Let me give a bit more context regarding where we are with subscriptions. In total, our recurring revenue at 50% of revenues, around one-third is currently subscriptions, which is a little over 10% of our total revenue. We do think that over time, we will see a shift in the transition. It will also impact support and the entire revenue composition in the long-term. However, it should allow us to gain better scale and drive more growth over time.

Brian Ruttenbur, Analyst

Thank you for that insight. I have a different question regarding the recent attacks and their effects this quarter and possibly in the future. Could you elaborate on the situation where you had to shut down for a day due to these attacks? What is your strategy moving forward in case of further attacks? Do you have a new contingency plan to stabilize business operations after these recent incidents? Additionally, was there any impact on sales this quarter as a result of the attacks?

Elad Sharon, CEO

Not sure what attack you are referring to?

Brian Ruttenbur, Analyst

I was just referring to your operations in Israel? I think that you had to, as I recall, have a potential shut down for a day due to the missile attacks from Gaza, is that correct?

Elad Sharon, CEO

No, actually.

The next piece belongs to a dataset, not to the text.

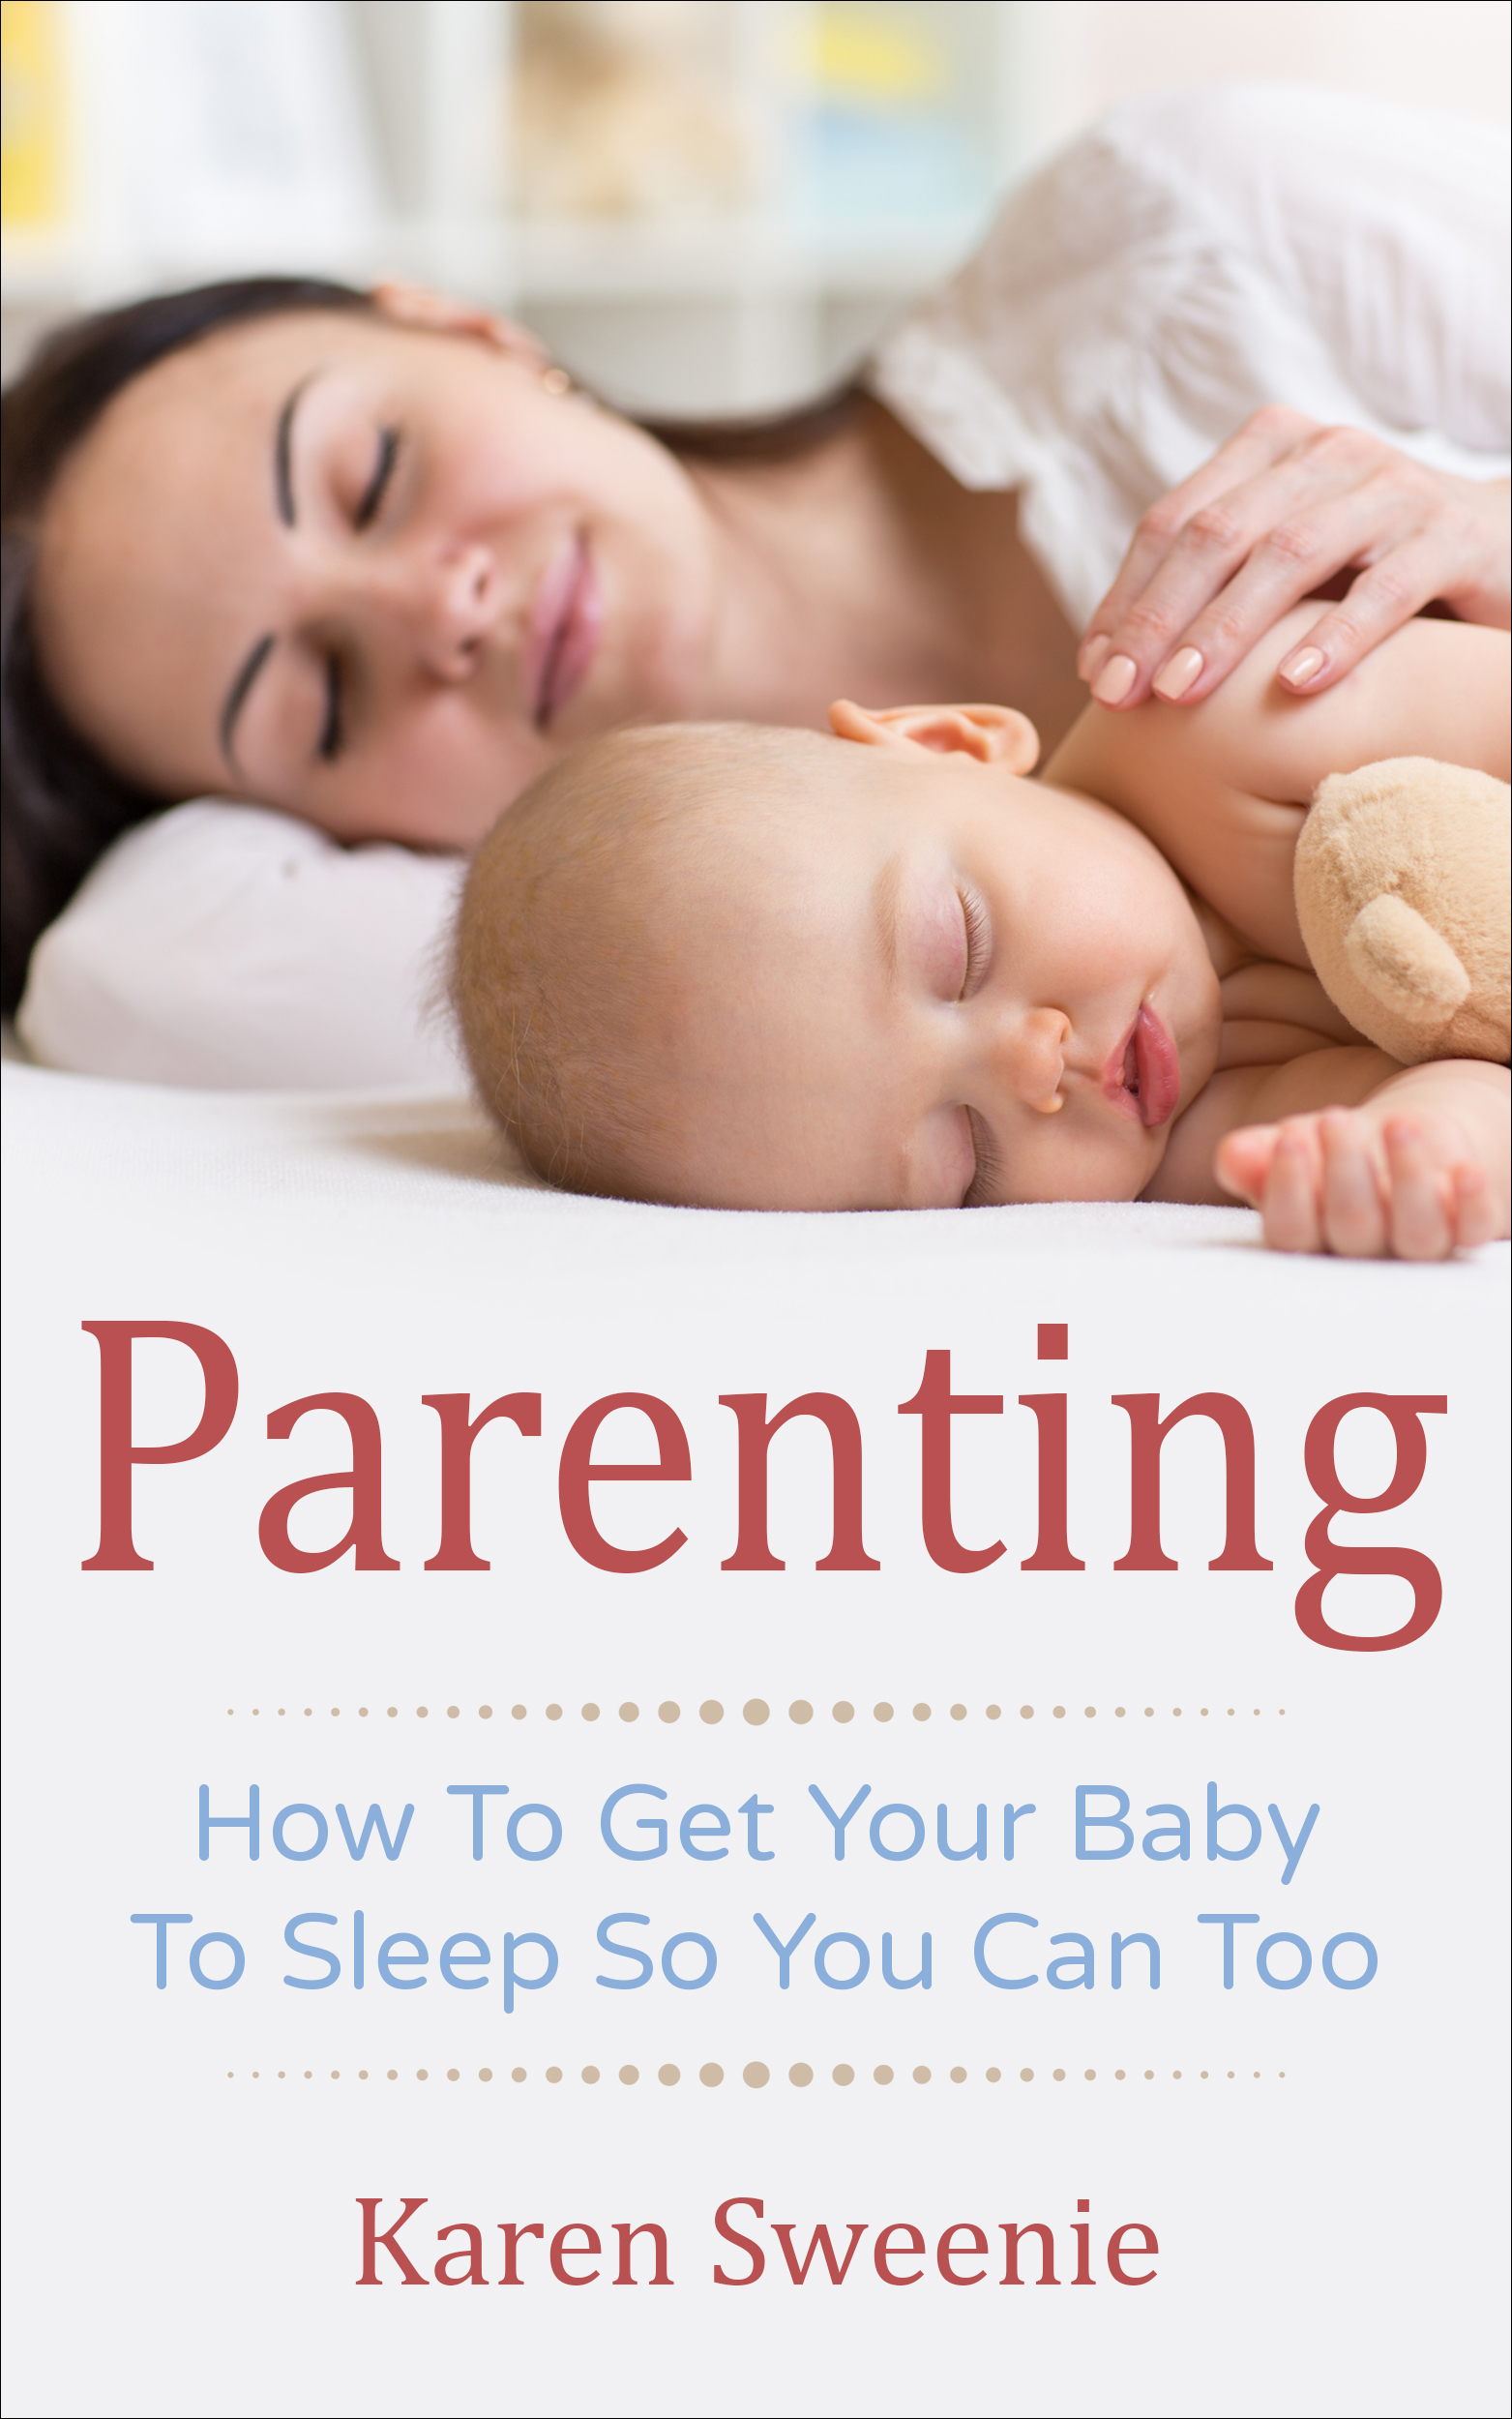 FREE: Parenting: How To Get Your Baby To Sleep So You Can Too by Karen Sweenie
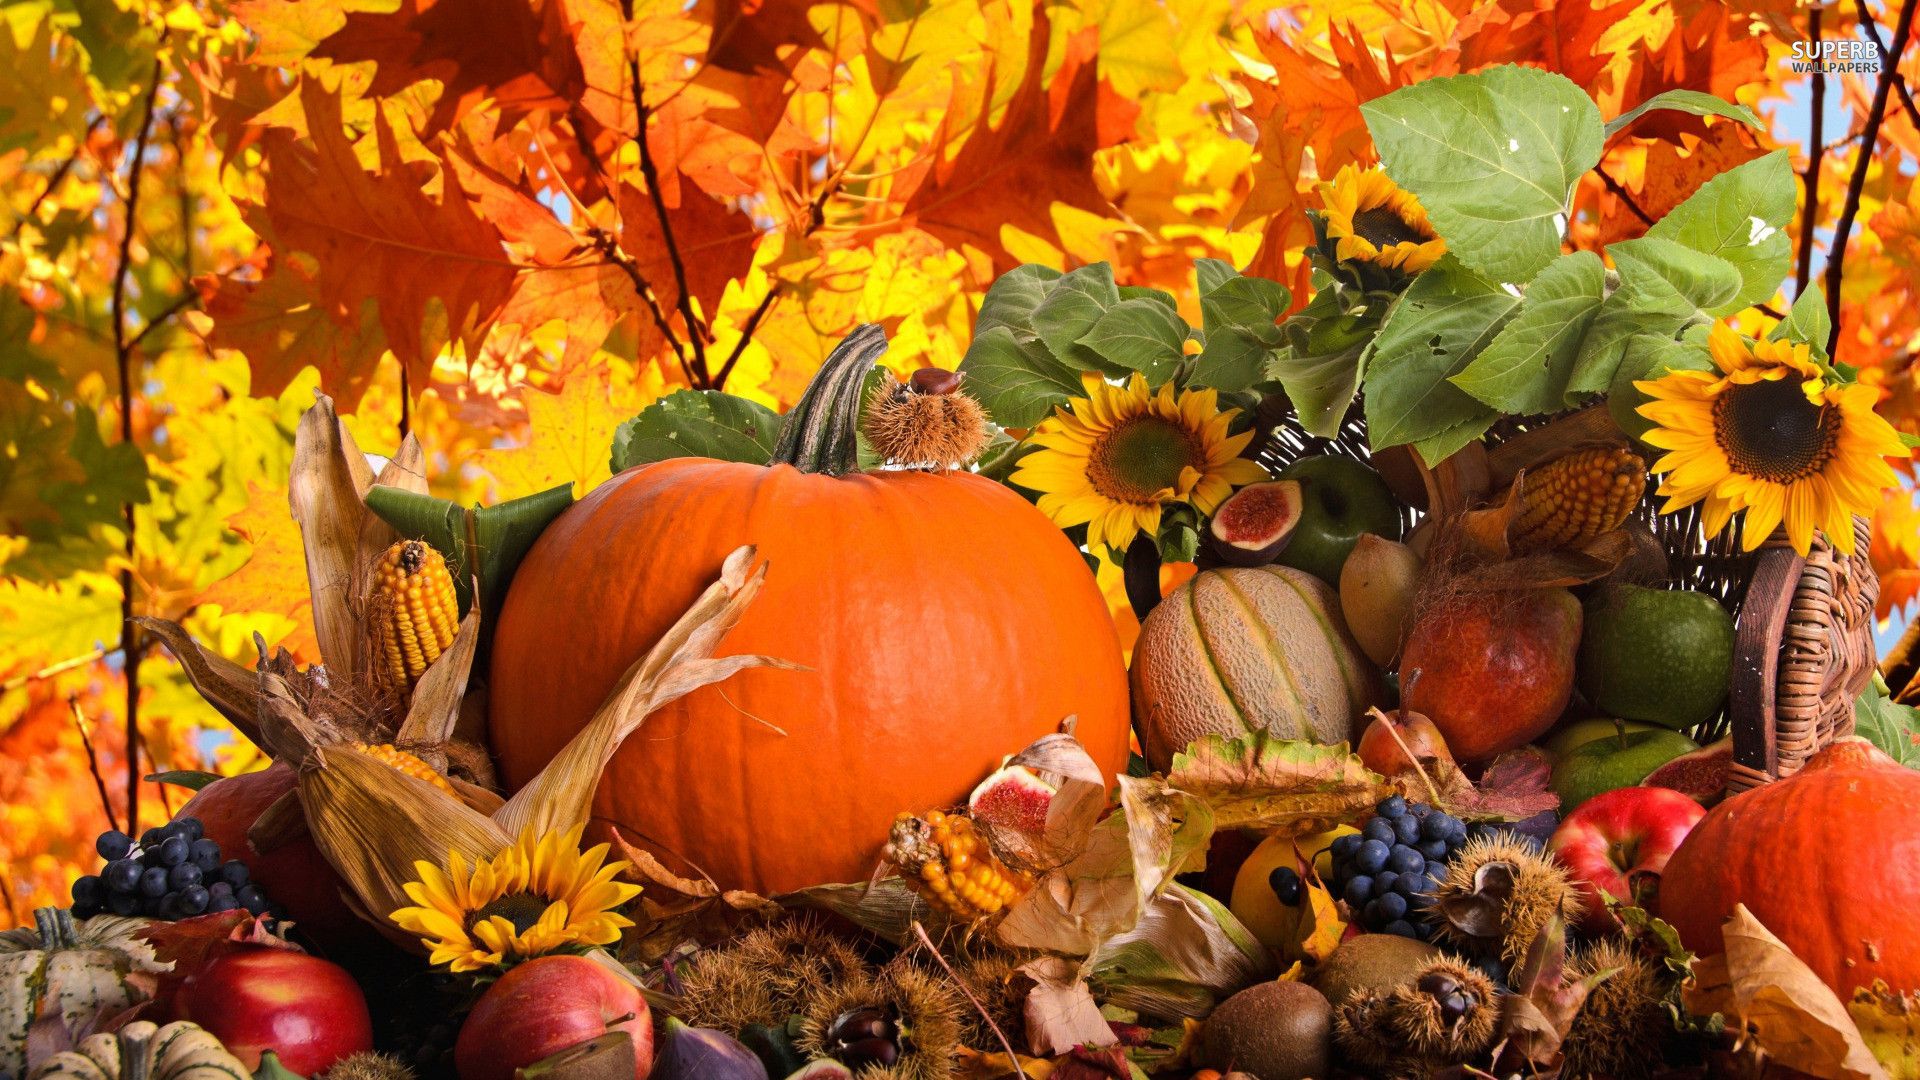 image about Autumn Thanksgiving, Screensaver 1920x1080

So, regarding the attack in Gaza, we have a business continuity management plan in place that was successfully implemented during COVID-19 and previous incidents. In our region, we did not face any disruptions. Most of our employees are working from home due to COVID. We have the setup and resources to operate remotely. Additionally, many employees globally, including those in Israel, are still working from home because of COVID, so there was no impact on our operations. It’s simply a matter of employees either being in the office or working remotely. Business is functioning normally, and there have been no disruptions related to this incident in Israel.

Brian Ruttenbur, Analyst

Did the Gaza attacks have any impact on your sales? Were there any delays or accelerations in sales due to the situation? I understand if the answer is straightforward, but I wanted to hear your perspective on it.

Elad Sharon, CEO

Yeah. There was no impact at all on our business, including deployment, sales, and deliveries. Nothing was impacted from this incident related to Gaza and Israel.

Brian Ruttenbur, Analyst

Okay. Thank you.

Elad Sharon, CEO

Business is running as usual. Thank you.

Operator, Operator

Thank you. We have a question from Shaul Eyal from Cowen.

Elad Sharon, CEO

Shaul, we can’t hear you.

Shaul Eyal, Analyst

Apologies. I was muted. I'm sorry. Yeah, I apologize in advance if the question was already answered; I was a little late to the call start. In terms of the subscription transition, what's the timeframe you have in mind for it?

Elad Sharon, CEO

I believe it will be similar to the transition to software models, so it will be about three to four years to execute that. The reason for that is that it involves changes in the go-to-market strategy and the pace of the adoption of customers, mainly governmental customers, to shift to subscriptions. We have a strong remaining performance obligation that we need to deliver, which currently comprises a larger portion of professional licenses. It will take a few weeks to finalize this transition. In the short term, we do not expect any material impact on our business. In the mid and longer term, we believe that we will see more recurring revenue and more subscriptions, which is very beneficial as we plan to improve our visibility on business and accelerate growth over time.

Shaul Eyal, Analyst

Got it. Thank you so much.

Elad Sharon, CEO

Thank you.

Operator, Operator

Thank you. At this moment, we have no further questions. I would like to turn the call back to Mr. Frankel for final remarks.

Operator, Operator

Thanks, operator. And thank you everyone for joining us today. I look forward to speaking to you again soon. Have a good day.